> _Work instructions_: The material below holds the lines to copy: from the one with "Cab Sauv and Gourmet Gift Box" up to and including the one with "Buy Jobe Leona". Copy them exactly and skip the pictures.

> _Provided data_:
^^^^^^^^

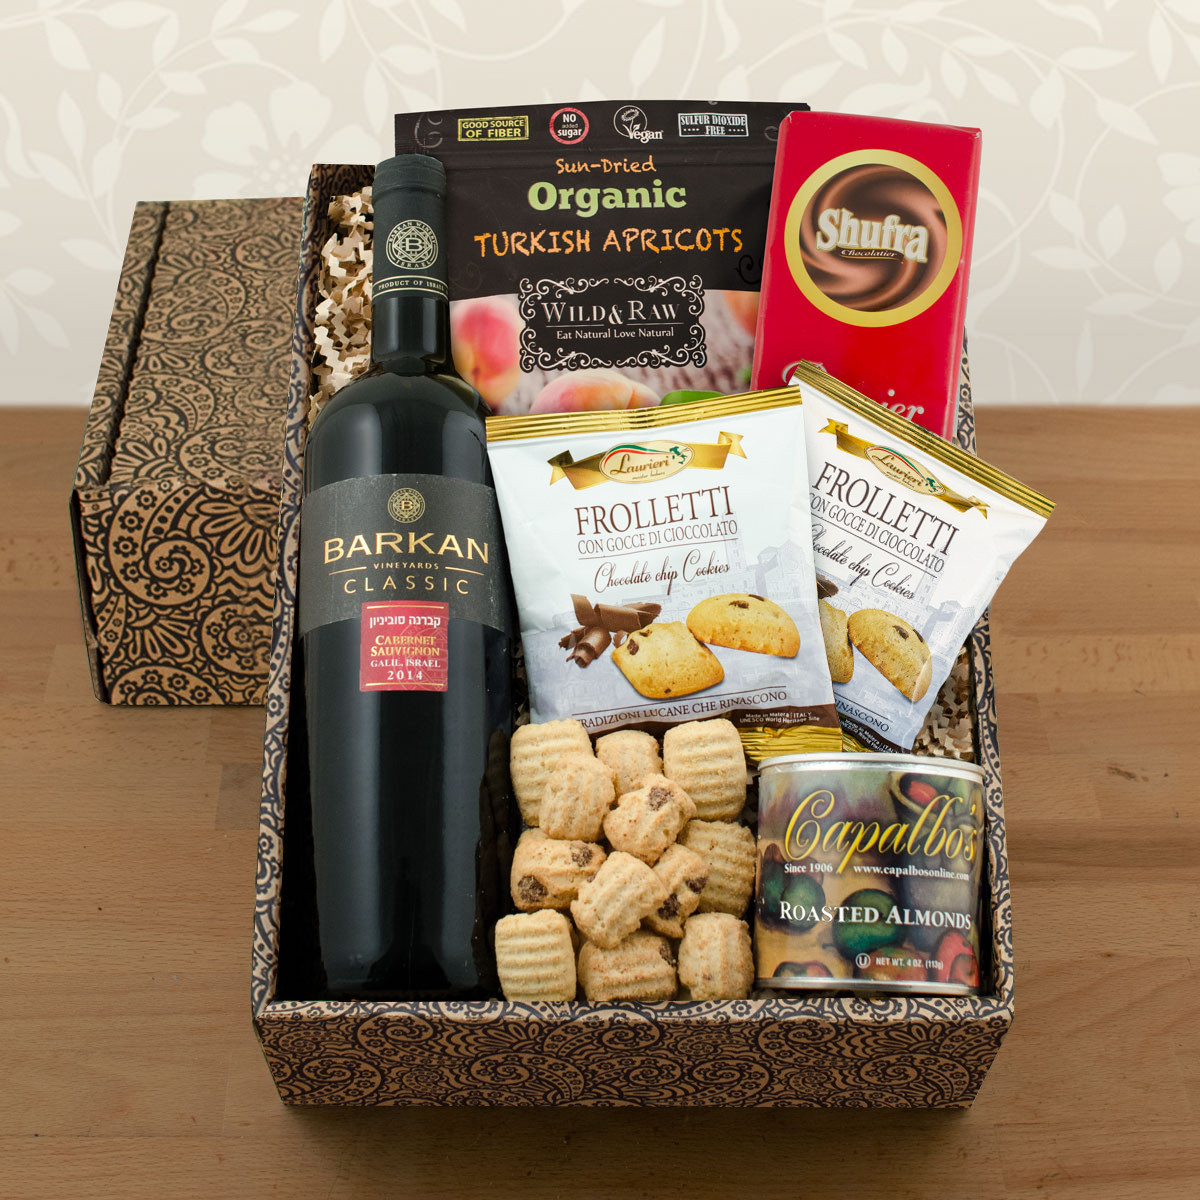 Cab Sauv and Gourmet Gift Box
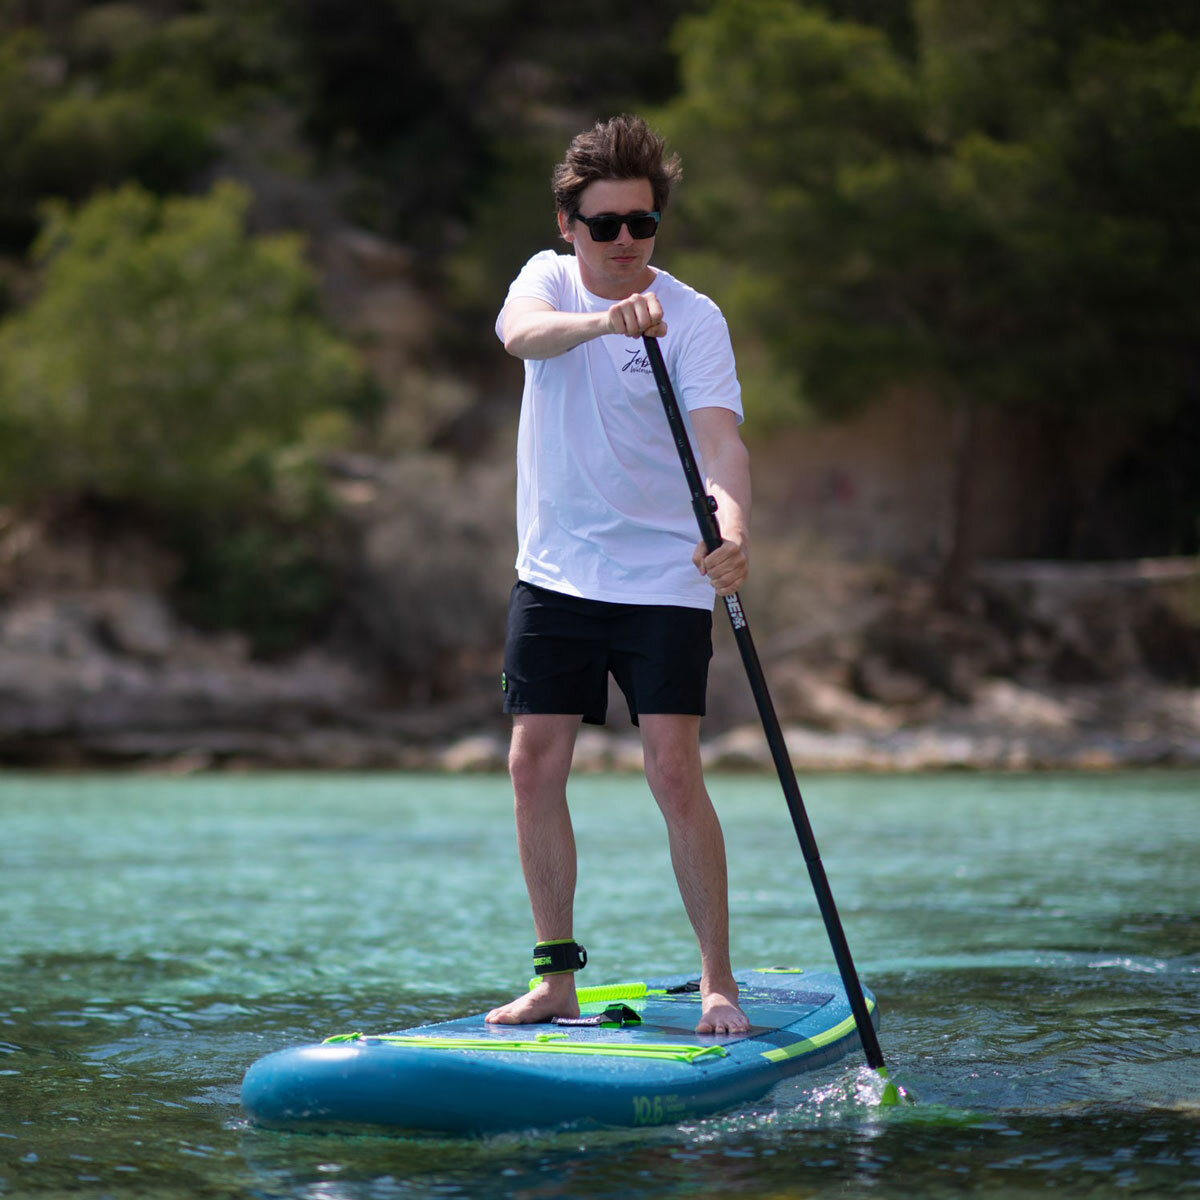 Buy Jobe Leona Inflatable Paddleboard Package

^^^^^^^^

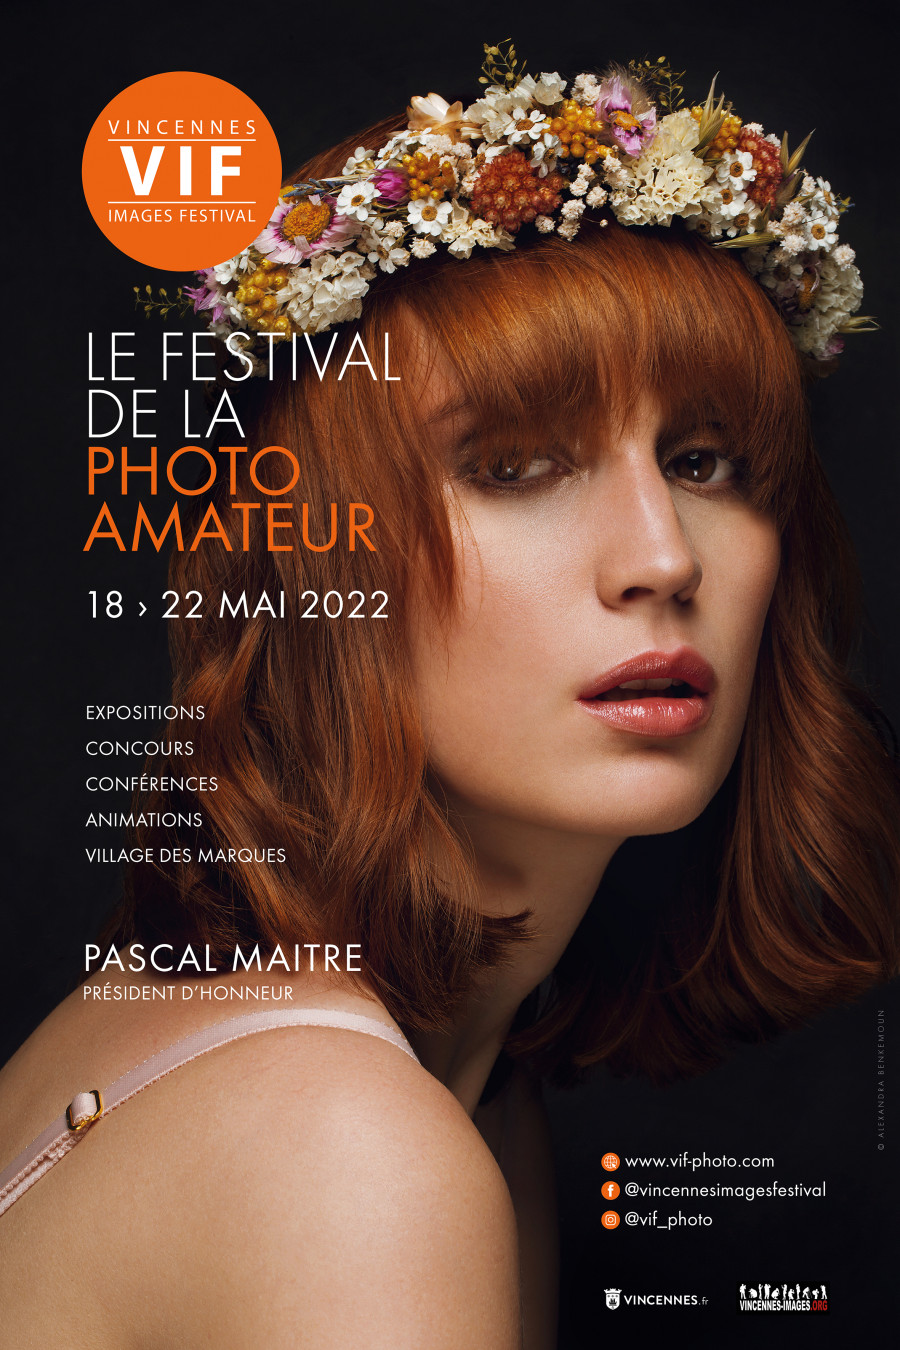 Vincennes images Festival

^^^^^^^^

> _Answer to this problem_:
 Cab Sauv and Gourmet Gift Box
 Buy Jobe Leona Inflatable Paddleboard Package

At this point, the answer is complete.